Turns out David Bowie and Visconti were mixing Diamond Dogs at the time, and Slick was asked to play along with a few tracks. "I literally played for only twenty minutes, if a half hour," Slick says. "I didn't even think it was that long. There was this dead silence. I think, 'Okay, they must hate my guts.'"

A minute later, Bowie walked into the room and sat down with Slick for about half an hour. Slick says they shot the breeze, played a little bit of guitar and then said goodbye. Bowie's personal assistant told Slick they had another ten to twelve guitarists to look at and told him they'd get back to him in a few weeks.

"I'm thinking, 'Oh Christ, this is going to be a long two weeks,'" Slick says. "Thank God the phone rang the next day and they offered me the job."

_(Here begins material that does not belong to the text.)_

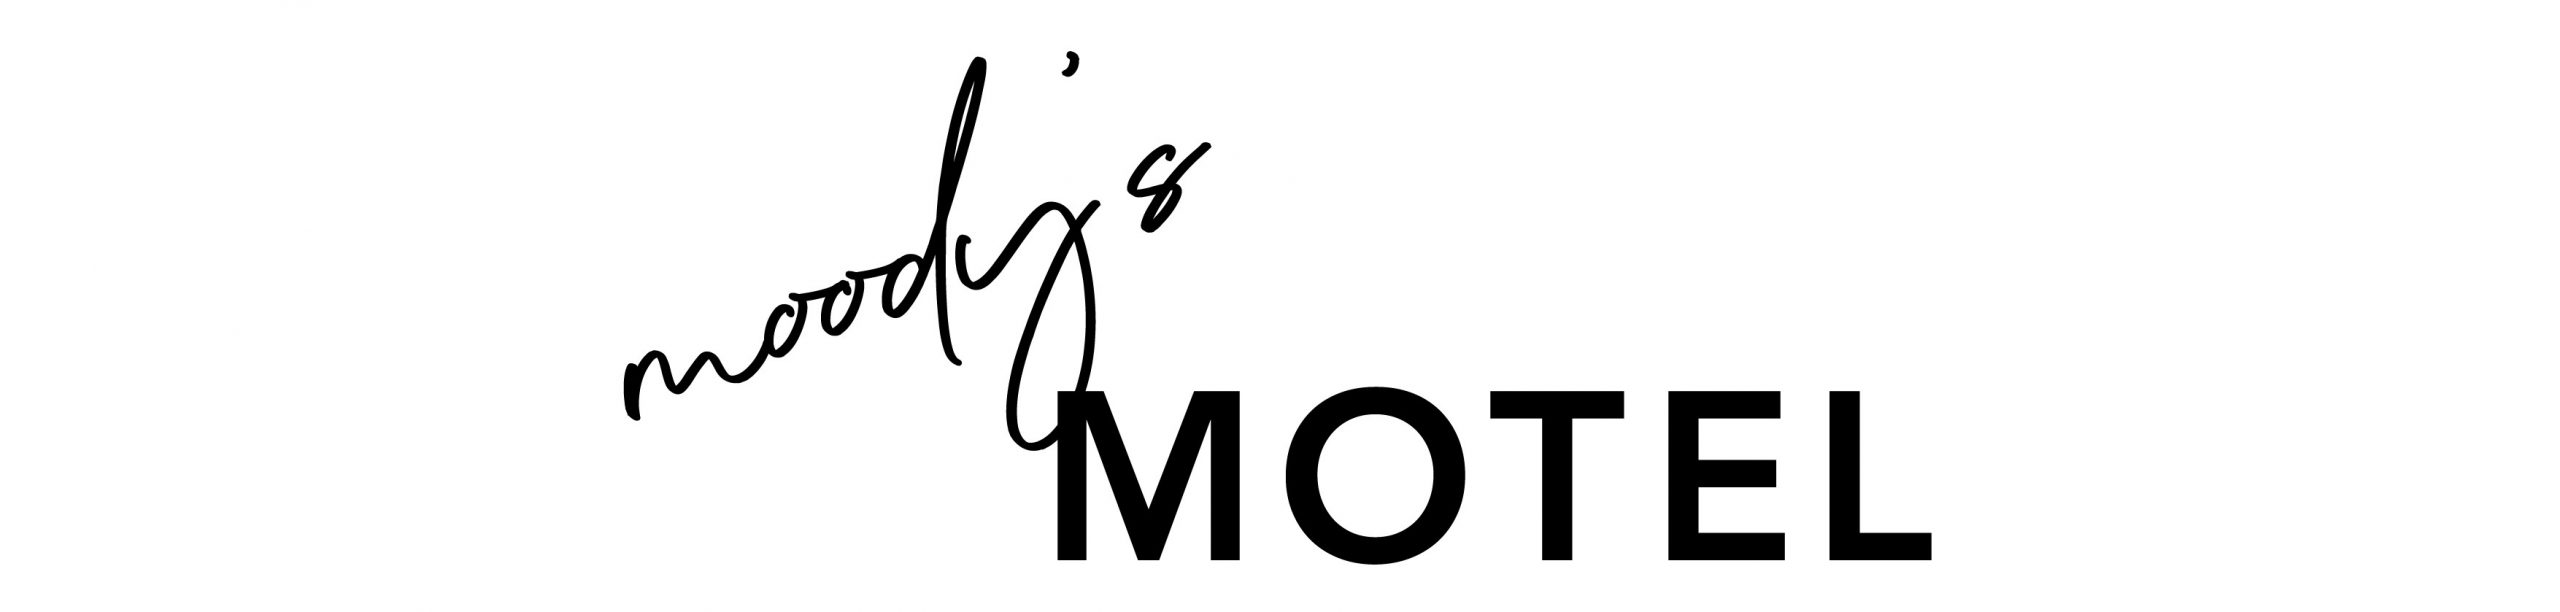 Moodys Motel
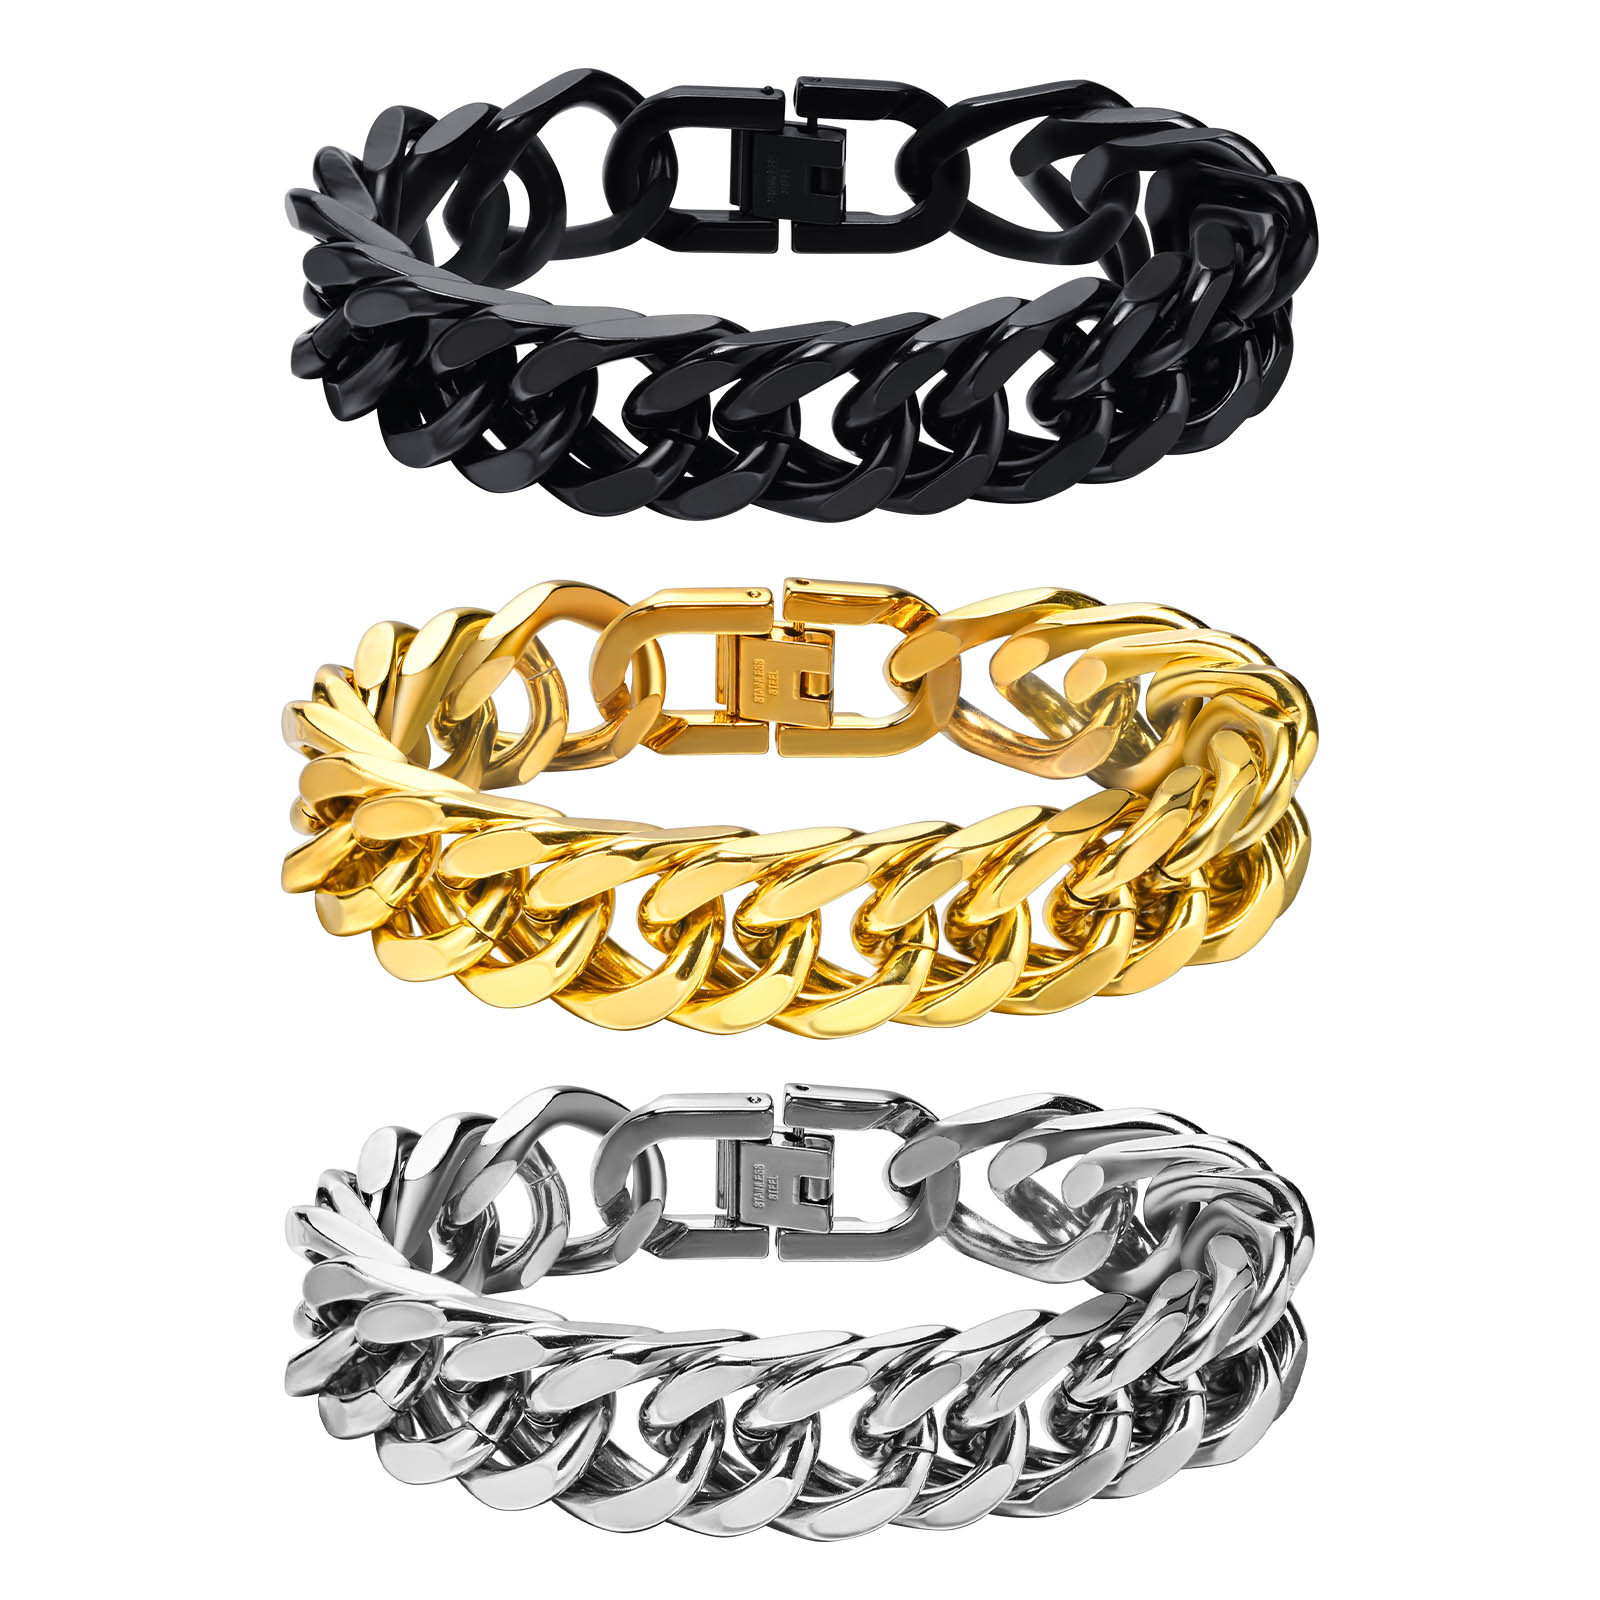 Gold chain width 15MM; bracelet total length 21.5

Within a few weeks, Slick was rehearsing for the Diamond Dogs tour, which started a relationship that would endure on and off for the next three decades. He later joined the band for the Serious Moonlight tour in support of Let's Dance in 1983 and the A Reality tour in 2003 and ’04 in support of Heathen and Reality, on which Slick also played guitar.

"There were a lot of good memories," Slick says. "A lot of good times and a lot of good music. It's going to be fun playing the stuff again."

Celebrating David Bowie, Sunday, February 25, Paramount Theatre, $35.50-$65.60, 303-621-0106.